Buddy the cat decided to use the corner of the living room carpet yesterday afternoon as his personal pee-pee palace, which wasn't fun. We had this cute carpet teepee there, and he just went to town all over it. Sean was livid, because Buddy has a habit of doing this-weirdly enough, it's always in the summertime. Maybe it's because I'm home more than during the school year, I dunno. Sean did a half-assed job of cleaning it, so Buddy did it again this morning, so I had to get up early (went to bed around 2), go to the Pathmark, get white vinegar, baking soda and pet accident cleaner shit and try to undo the damage, since it soaked through to the padding. Yuck. I cleaned it as best as I could, and the vet had told us to put a bowl of dry food there (they won't piss where they eat, according to the vet), so let's just hope that does the trick.

I've got more goodies to report, but it's time to shower and go to my matinee. Be back later

Sunday, July 17, 2005

Reality Check

I was going to write about this last night, but, for a change, my infertility woes took a backseat to the delights of reading Harry Potter....

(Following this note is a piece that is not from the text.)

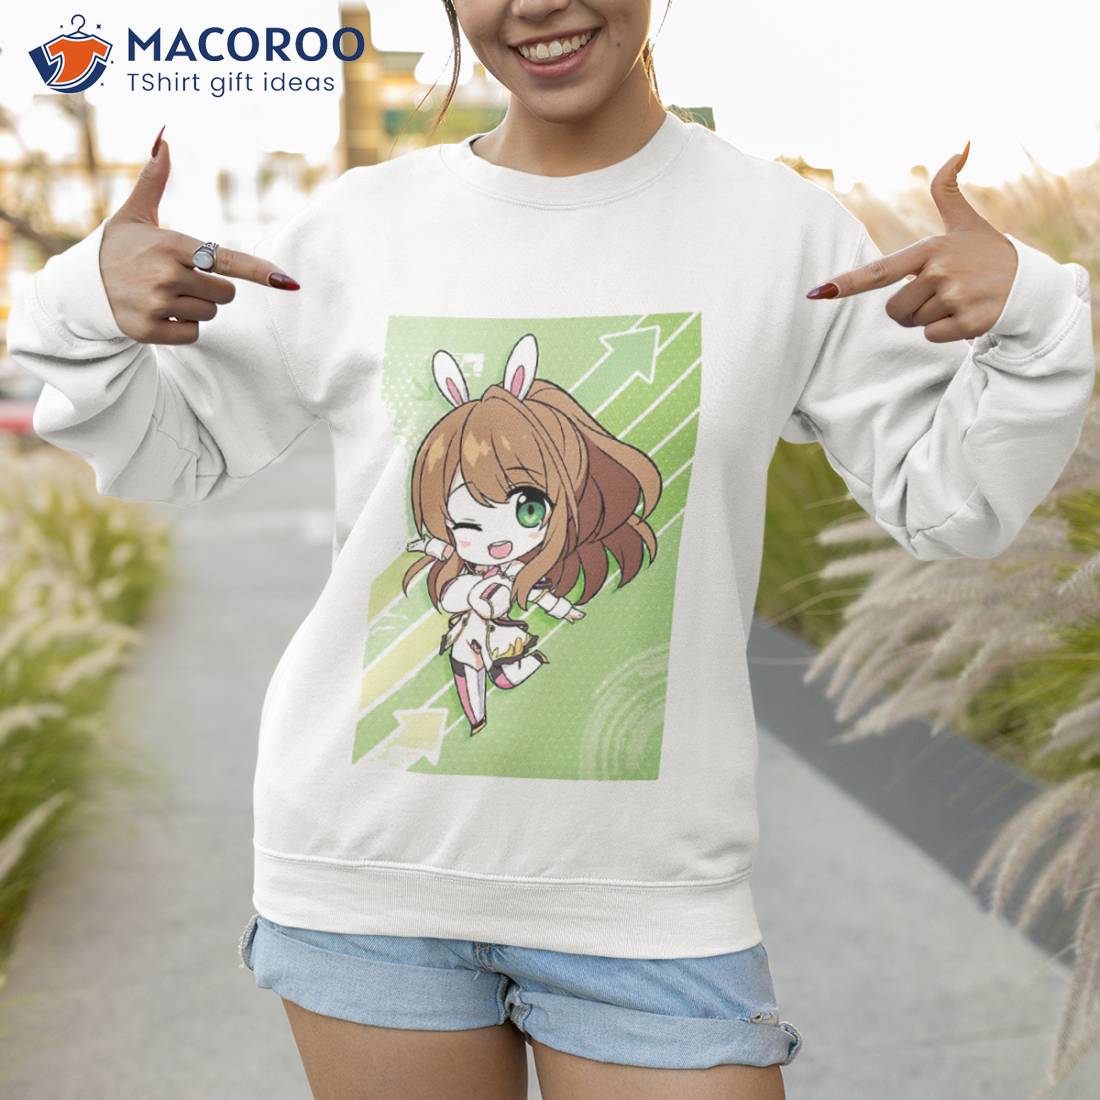 Kawaii Anime Characters T-Shirts for Sale

Sean went out to PA yesterday with his mom, 'Lil Man and the Dementor to a BBQ at his uncle's house whilst I navigated my way through Bergen County for the bridal shower (not an easy feat, anyone out there who knows that area of NJ would probably agree with me) and the conversation from hell with my director about Cunt Rag. We left the house around the same time, and I was kidding around (sort of) and asked him to please make sure that my reproductive system was not a topic of conversation at the party. For those of you who have followed my IVF saga, these are the same relatives that I dealt with on Easter Sunday (if you're not sure, look in the archives for the drama) because my mother-in-law decided to tell her family, without consulting me first, that I was doing IVF. So, understandibly, I was on my guard. But Sean promised that there would be no infertility talk going on. So, on our happy way we both went.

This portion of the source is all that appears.